Gene families coverage matrix has been printed in /datadrive05/Flo/Saliva/Saliva2/panphlan/prof/Rothia_dentocariosa/Rothia_dentocariosa_o_covmat.csv

STEP 3: Strain presence/absence filter based on coverage plateau curve...
 [I] Minimum median coverage threshold: 1.0
 [I] Left maximum plateau threshold: 1.7
 [I] Right minimum plateau threshold: 0.3
 [I] Maximum zero non-plateau threshold (multistrain detection): 0.2
 [I] K5_TONGUE_DNA_Rothia_dentocariosa.csv.bz2 median coverage: 0.68; left-side cov: 1.82; right-side cov: 0.58; out-plateau cov: 0.0
        K5_TONGUE_DNA_Rothia_dentocariosa.csv.bz2: no strain detected, sample below MIN COVERAGE threshold
 [I] MP3_SUB_DNA_Rothia_dentocariosa.csv.bz2 median coverage: 0.25; left-side cov: 1.87; right-side cov: 0.0; out-plateau cov: 0.0
        MP3_SUB_DNA_Rothia_dentocariosa.csv.bz2: no strain detected, sample below MIN COVERAGE threshold
 [I] MP3_TONGUE_DNA_Rothia_dentocariosa.csv.bz2 median coverage: 1.43; left-side cov: 1.43; right-side cov: 0.71; out-plateau cov: 0.0
         MP3_TONGUE_DNA_Rothia_dentocariosa.csv.bz2 OK - strain detected
 [I] MP8_SUB_DNA_Rothia_dentocariosa.csv.bz2 median coverage: 2.06; left-side cov: 1.32; right-side cov: 0.73; out-plateau cov: 0.0
         MP8_SUB_DNA_Rothia_dentocariosa.csv.bz2 OK - strain detected
 [I] MP8_TONGUE_DNA_Rothia_dentocariosa.csv.bz2 median coverage: 1.13; left-side cov: 1.6; right-side cov: 0.62; out-plateau cov: 0.0
         MP8_TONGUE_DNA_Rothia_dentocariosa.csv.bz2 OK - strain detected
Traceback (most recent call last):
  File "/datadrive05/Flo/tools/panphlan/panphlan_profiling.py", line 760, in <module>
    main()
  File "/datadrive05/Flo/tools/panphlan/panphlan_profiling.py", line 727, in main
    plot_dna_coverage(norm_samples_coverages, sample_stats, avg_genome_length, args, normalized = True)
  File "/datadrive05/Flo/tools/panphlan/panphlan_profiling.py", line 481, in plot_dna_coverage
    color, reset = random_color(used_colors)
  File "/datadrive05/Flo/tools/panphlan/misc.py", line 47, in random_color
    return (available[randint(0, len(available) - 1)], reset)
NameError: name 'randint' is not defined

I obtain the --o_covmat outputs, no --o_matrix nor --o_covplot_normed nor --o_idx and I am actually able to obtain the other outputs removing the -o_covplot_normed argument.
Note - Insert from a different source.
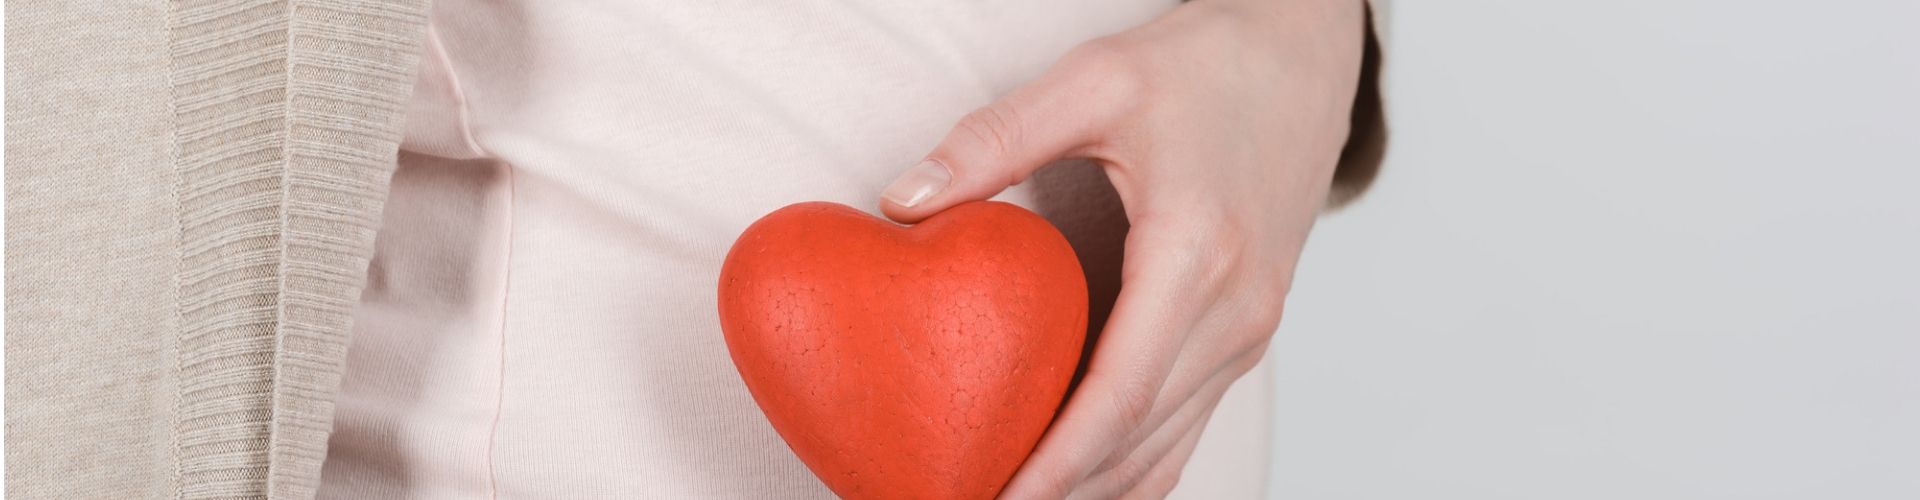 heart disease in pregnant women
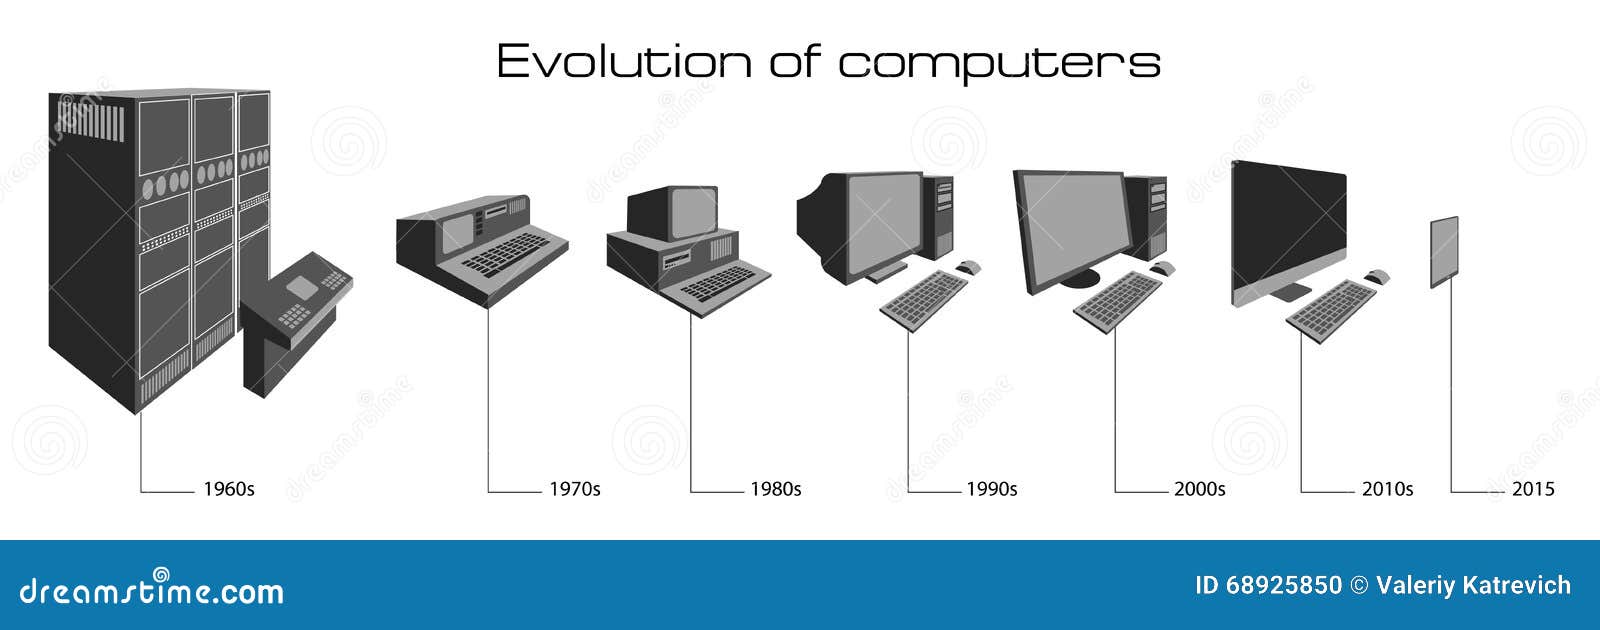 Как менялись компьютеры. Эволюция компьютеров. Эволюция компьютеров в картинках. Эволюция мониторов ПК. Компьютеры по годам.

I am using the following command:

/datadrive05/Flo/tools/panphlan/panphlan_profiling.py --pangenome ${db_dir}/${taxa}/${taxa}_pangenome.tsv \
                -i ${map_dir}/${taxa}/ \
                --min_coverage 1 --left_max 1.70 --right_min 0.30 \
                --o_matrix ${out_dir_prof}/${taxa}/${taxa}_o_matrix.csv \
                --o_covmat ${out_dir_prof}/${taxa}/${taxa}_o_covmat.csv \
                --o_covplot_normed ${out_dir_prof}/${taxa}/${taxa}_o_covplot_normed \
                --o_idx ${out_dir_prof}/${taxa}/${taxa}_o_idx.csv \
                --add_ref \
                --verbose

I have created a conda env with the necessary packages and installed panphlan using git: git clone -b 3.0 https://github.com/SegataLab/panphlan.git

I had no issue with panphlan_download_pangenome.py & panphlan_map.py steps.

Thanks !

leonarDubois commented 4 years ago

Hi, thanks for highlighting this issue with extensive details. I pushed a correction, it should work now. Let me know if you encounter any other problem.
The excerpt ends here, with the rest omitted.